What is expected - Your answer must repeat all of the entries word for word, without any images.

[[ Dataset records, beginning ]]

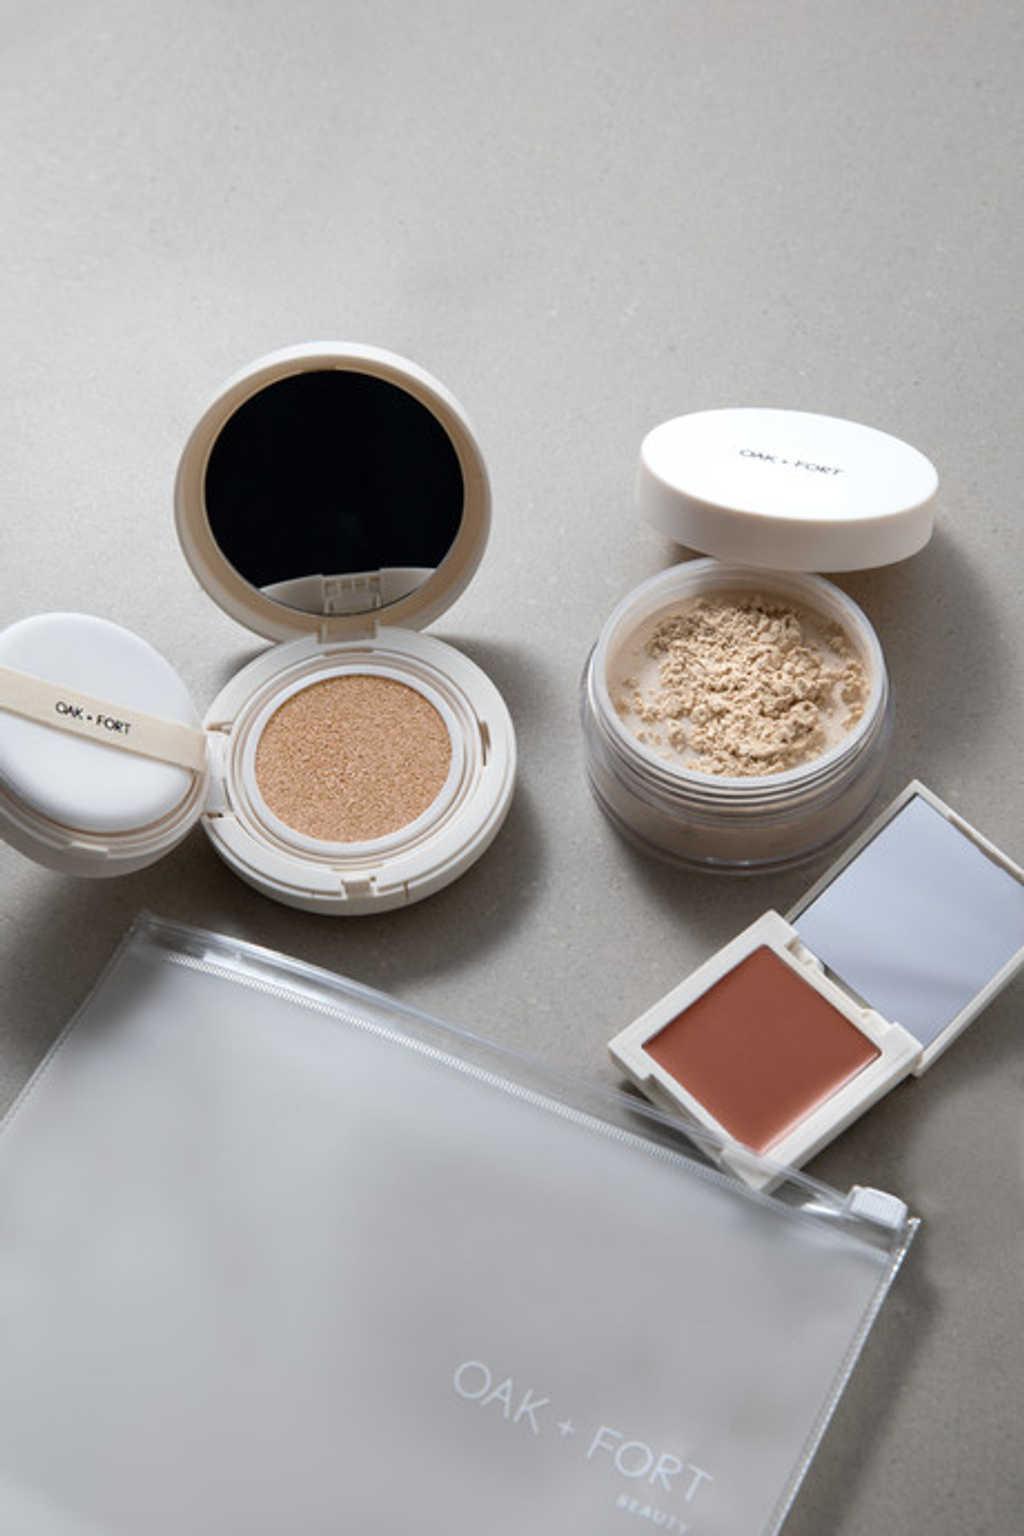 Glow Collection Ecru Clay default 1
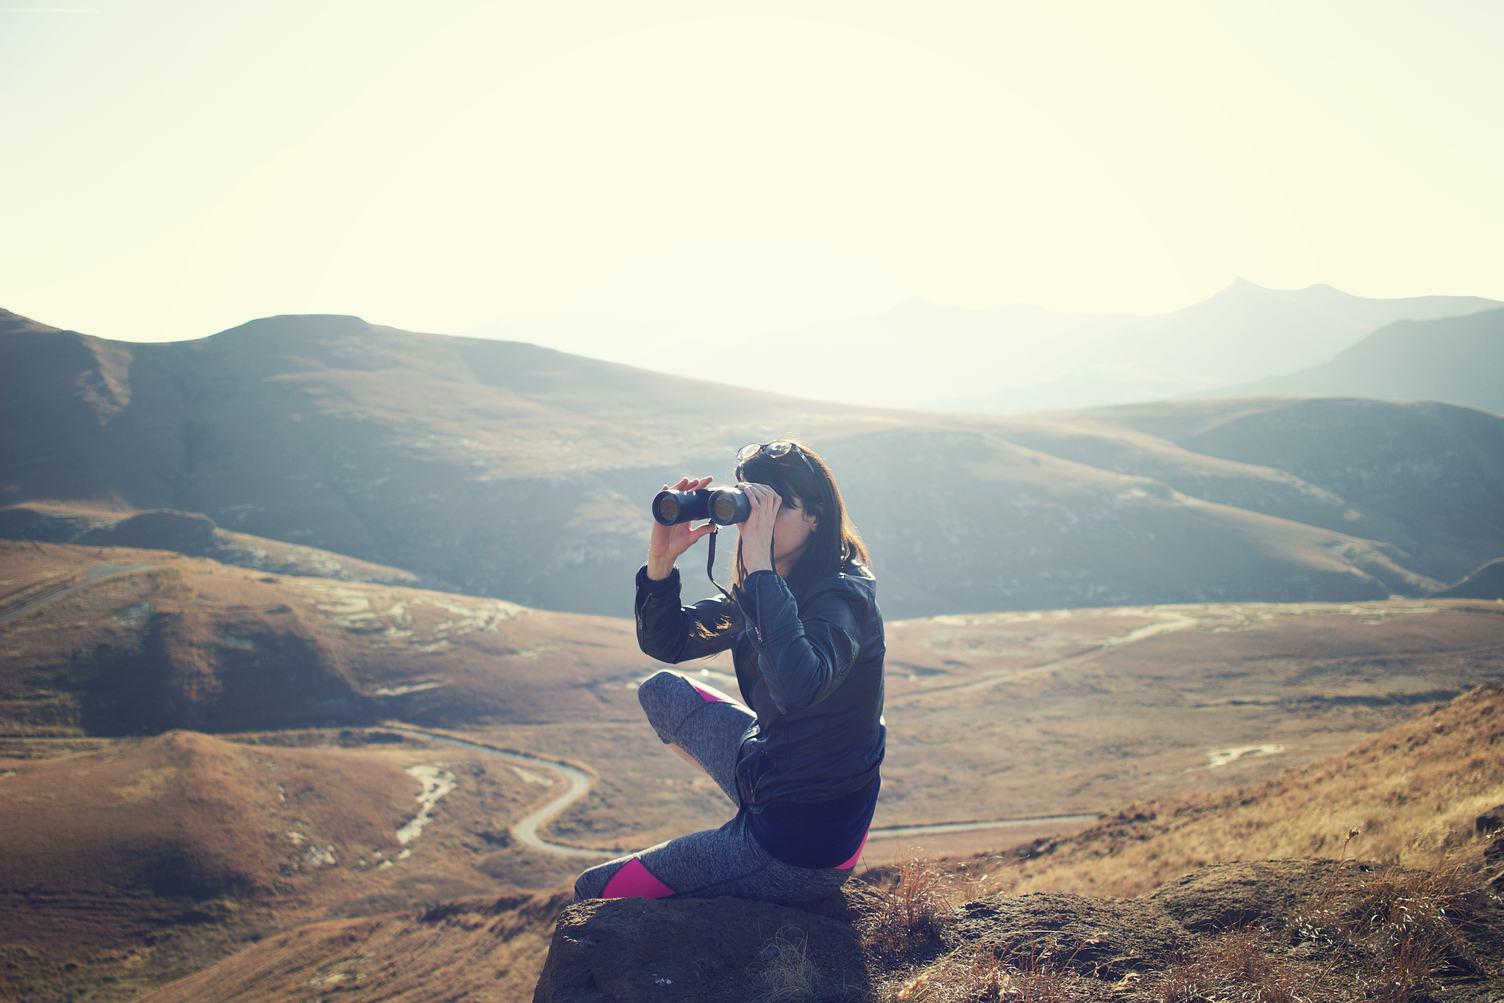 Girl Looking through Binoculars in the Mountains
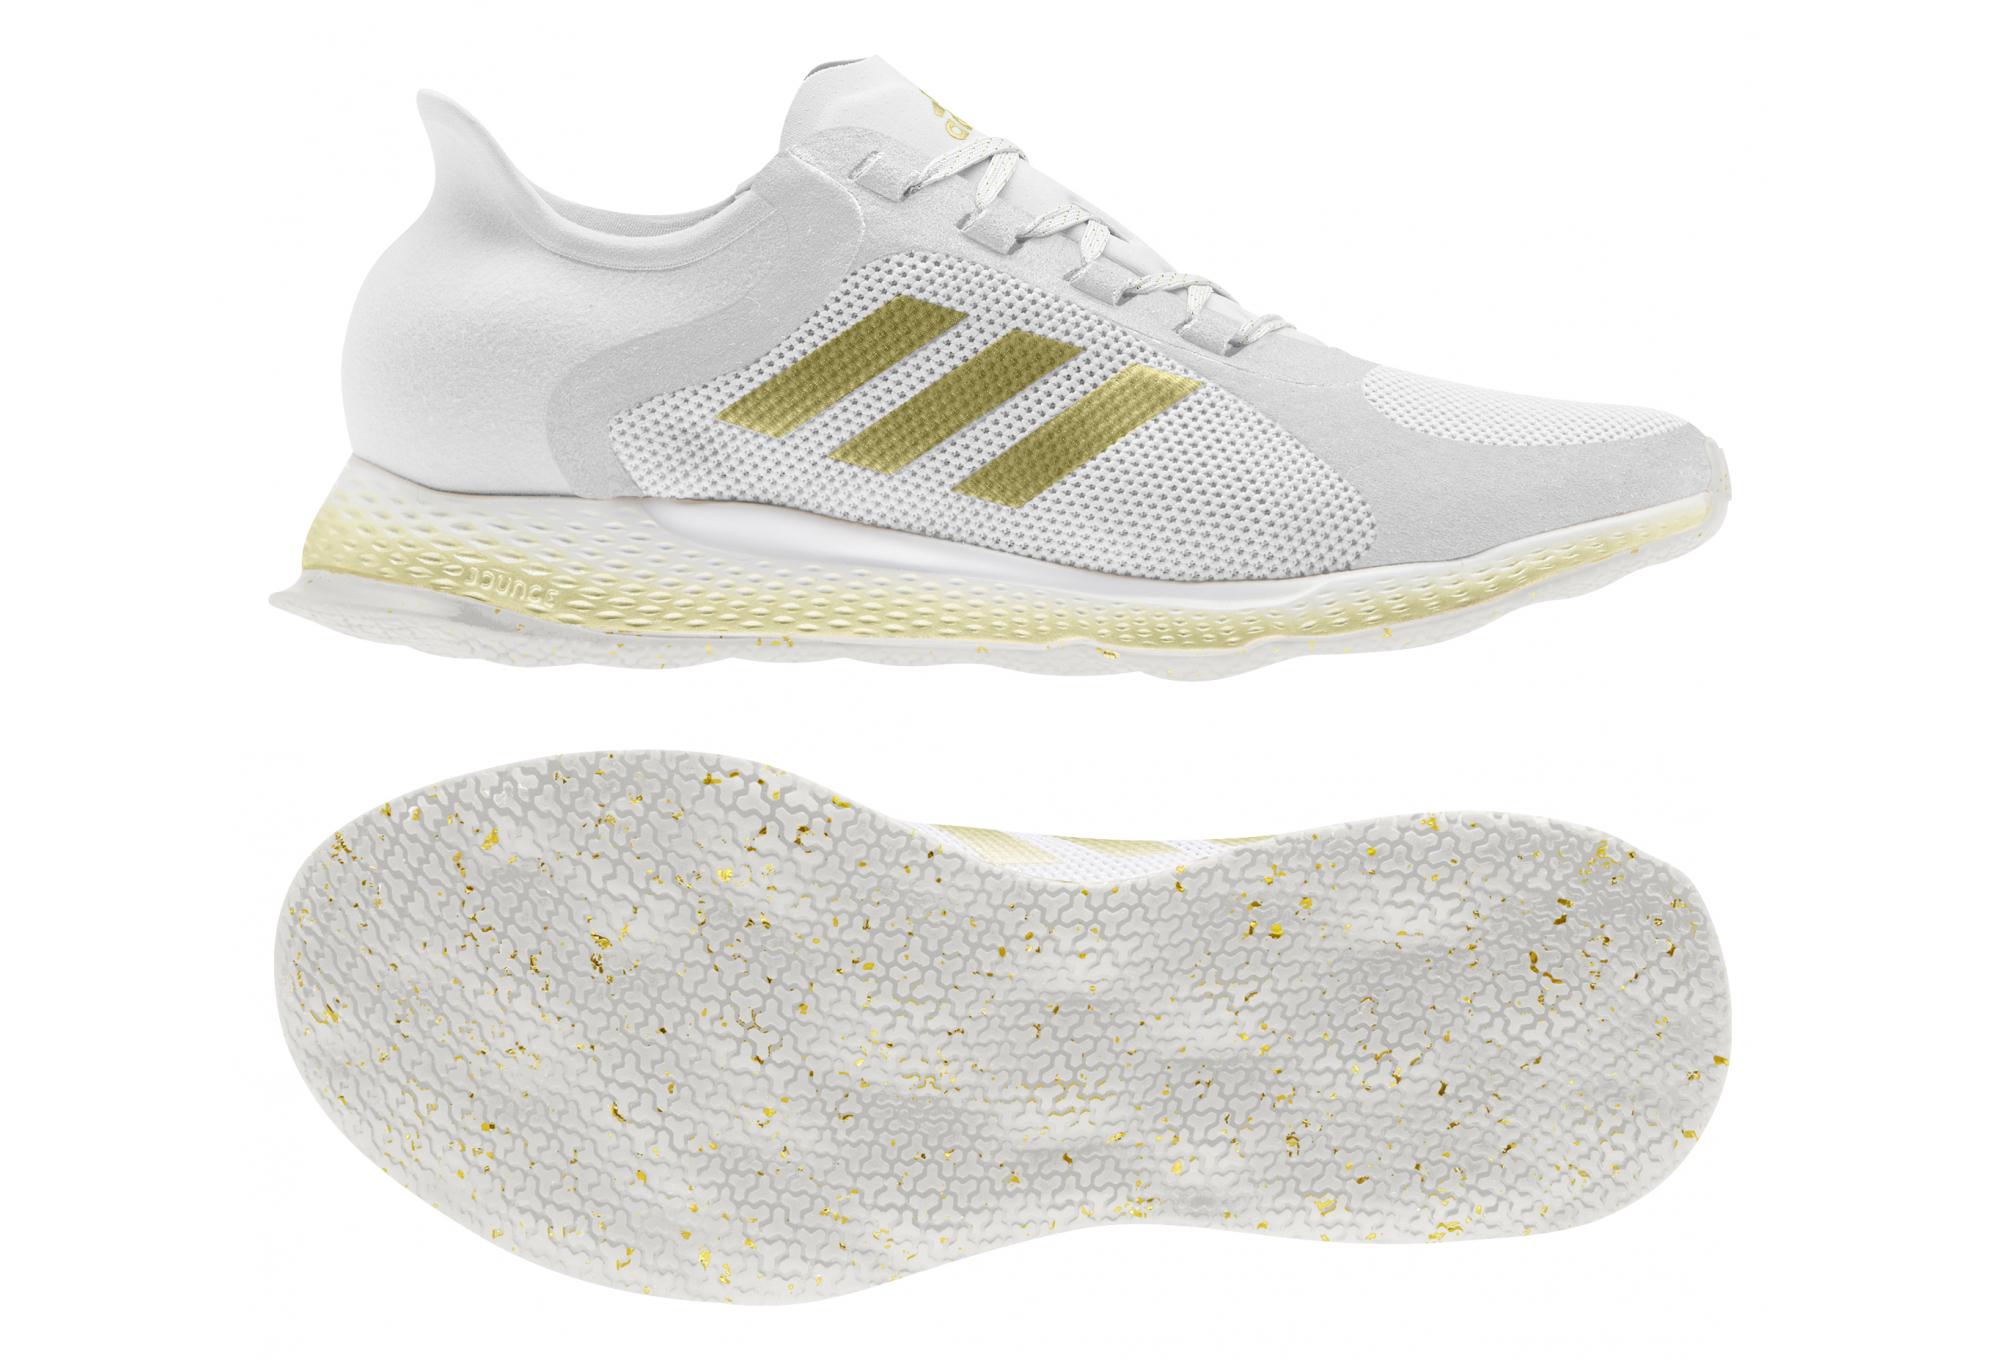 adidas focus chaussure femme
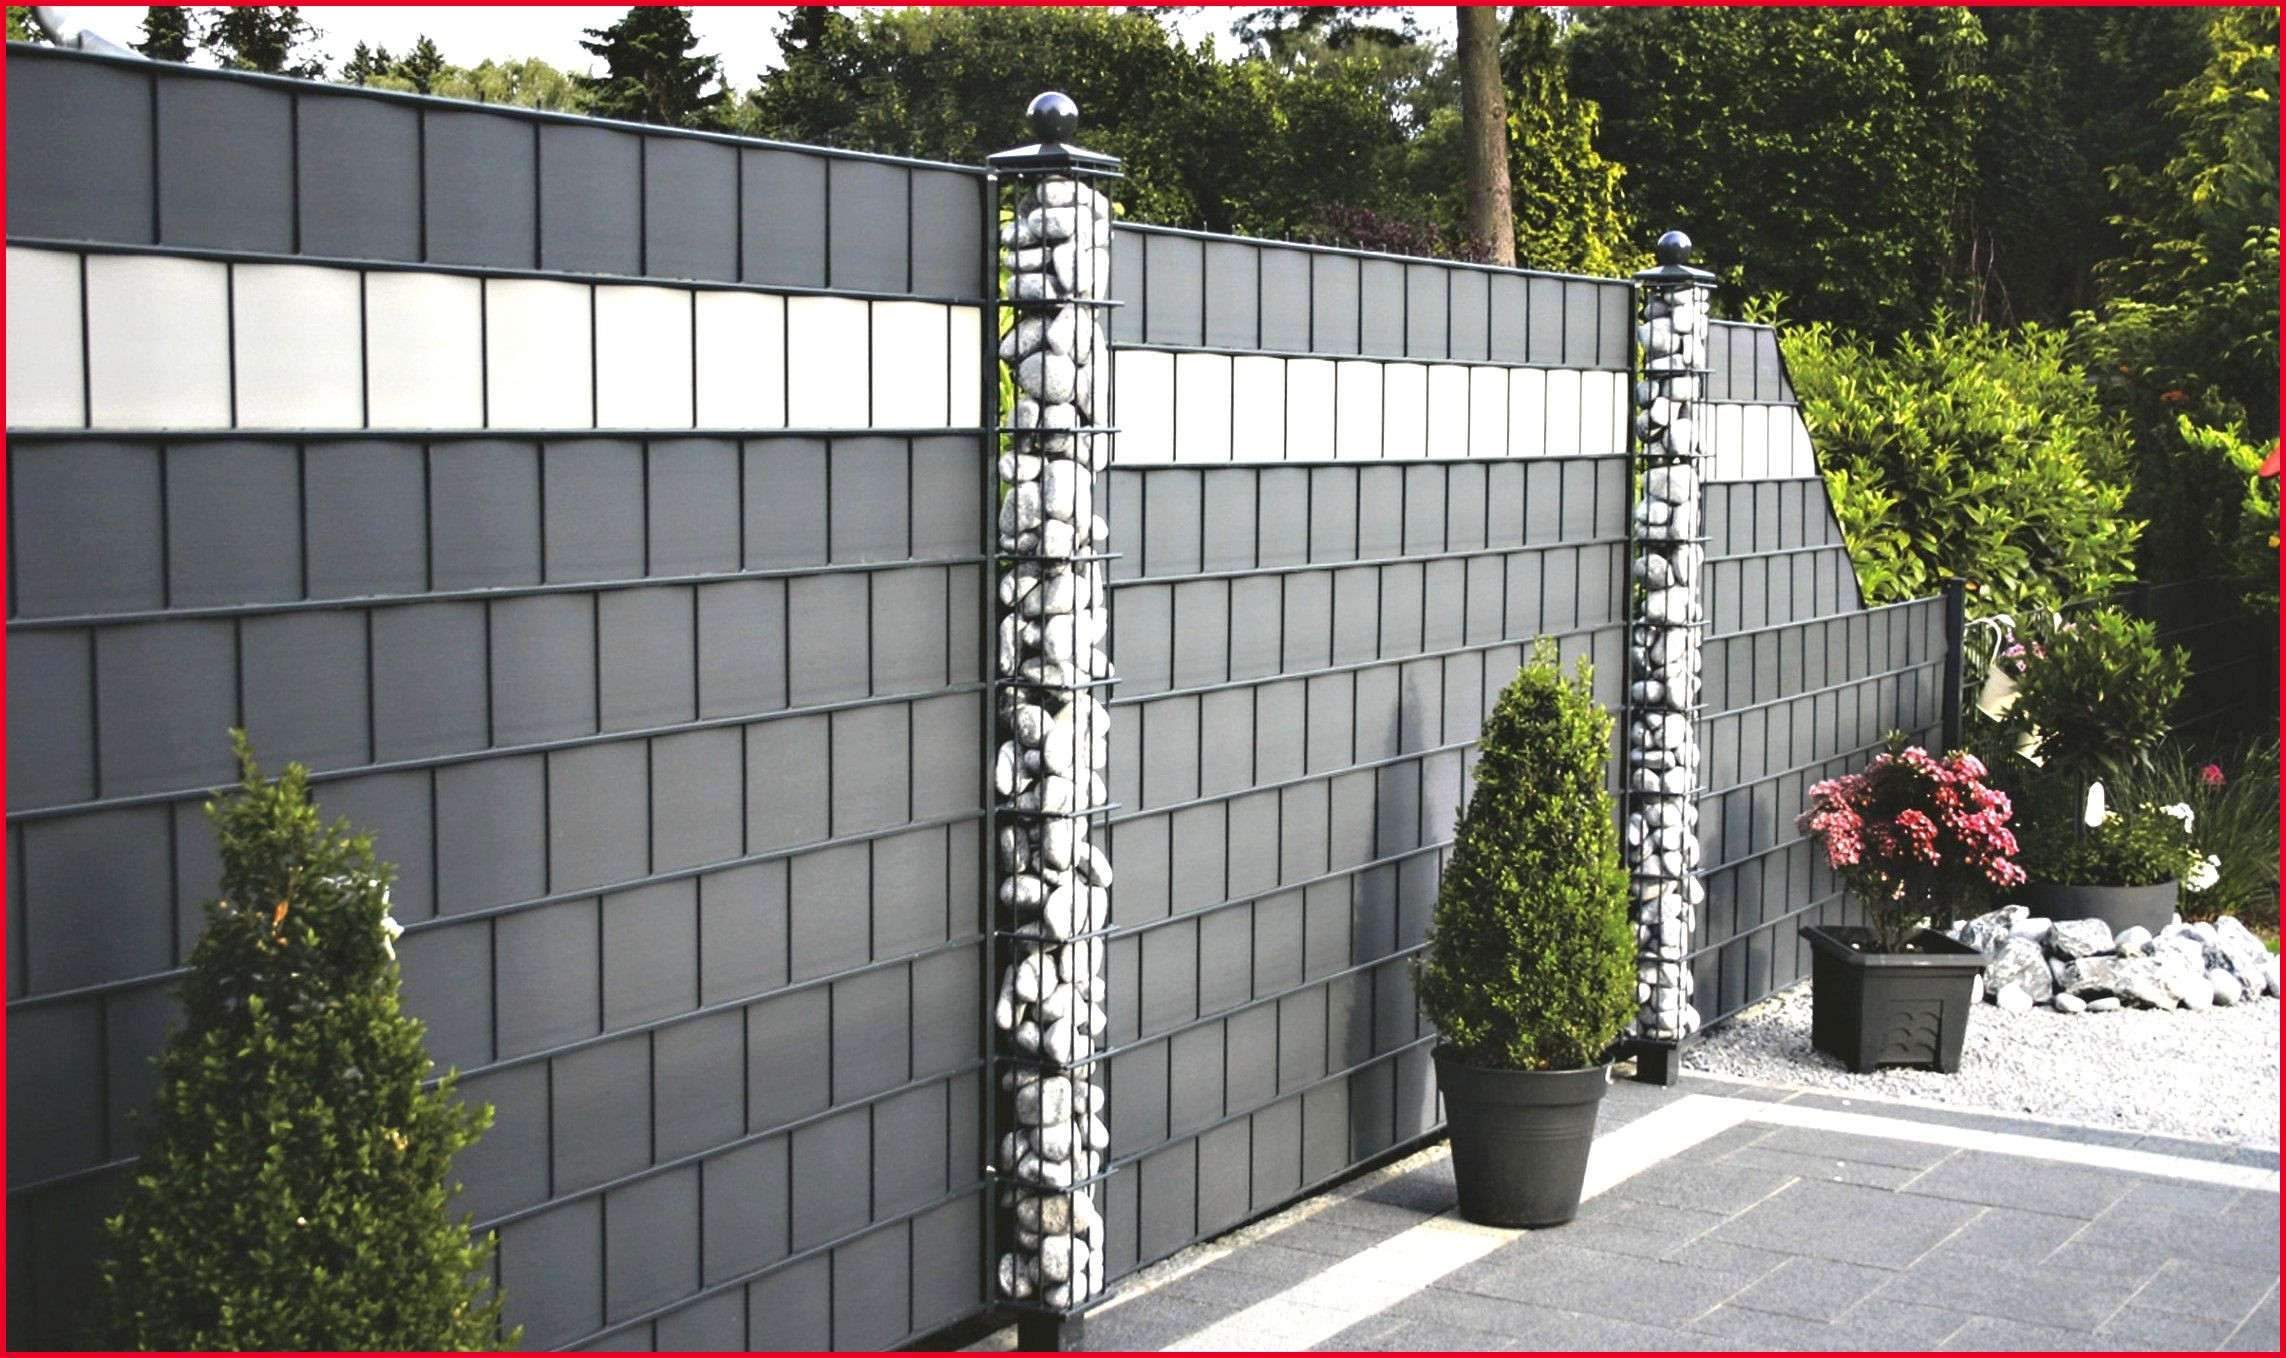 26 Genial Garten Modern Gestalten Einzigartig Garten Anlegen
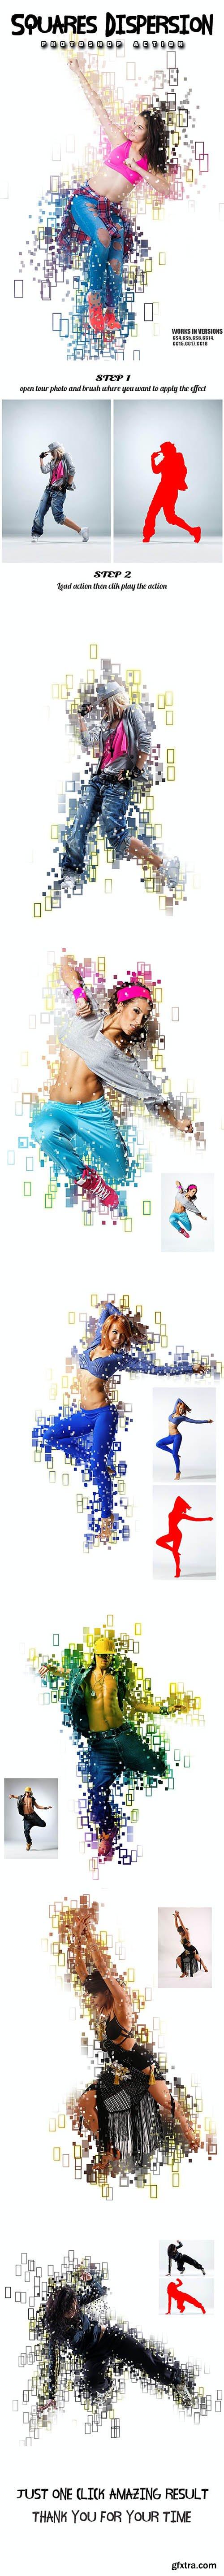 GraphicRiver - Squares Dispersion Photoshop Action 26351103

[[ Dataset records, end ]]

Completed exercise -
 Glow Collection Ecru Clay default 1
 Girl Looking through Binoculars in the Mountains
 adidas focus chaussure femme
 26 Genial Garten Modern Gestalten Einzigartig Garten Anlegen
 GraphicRiver - Squares Dispersion Photoshop Action 26351103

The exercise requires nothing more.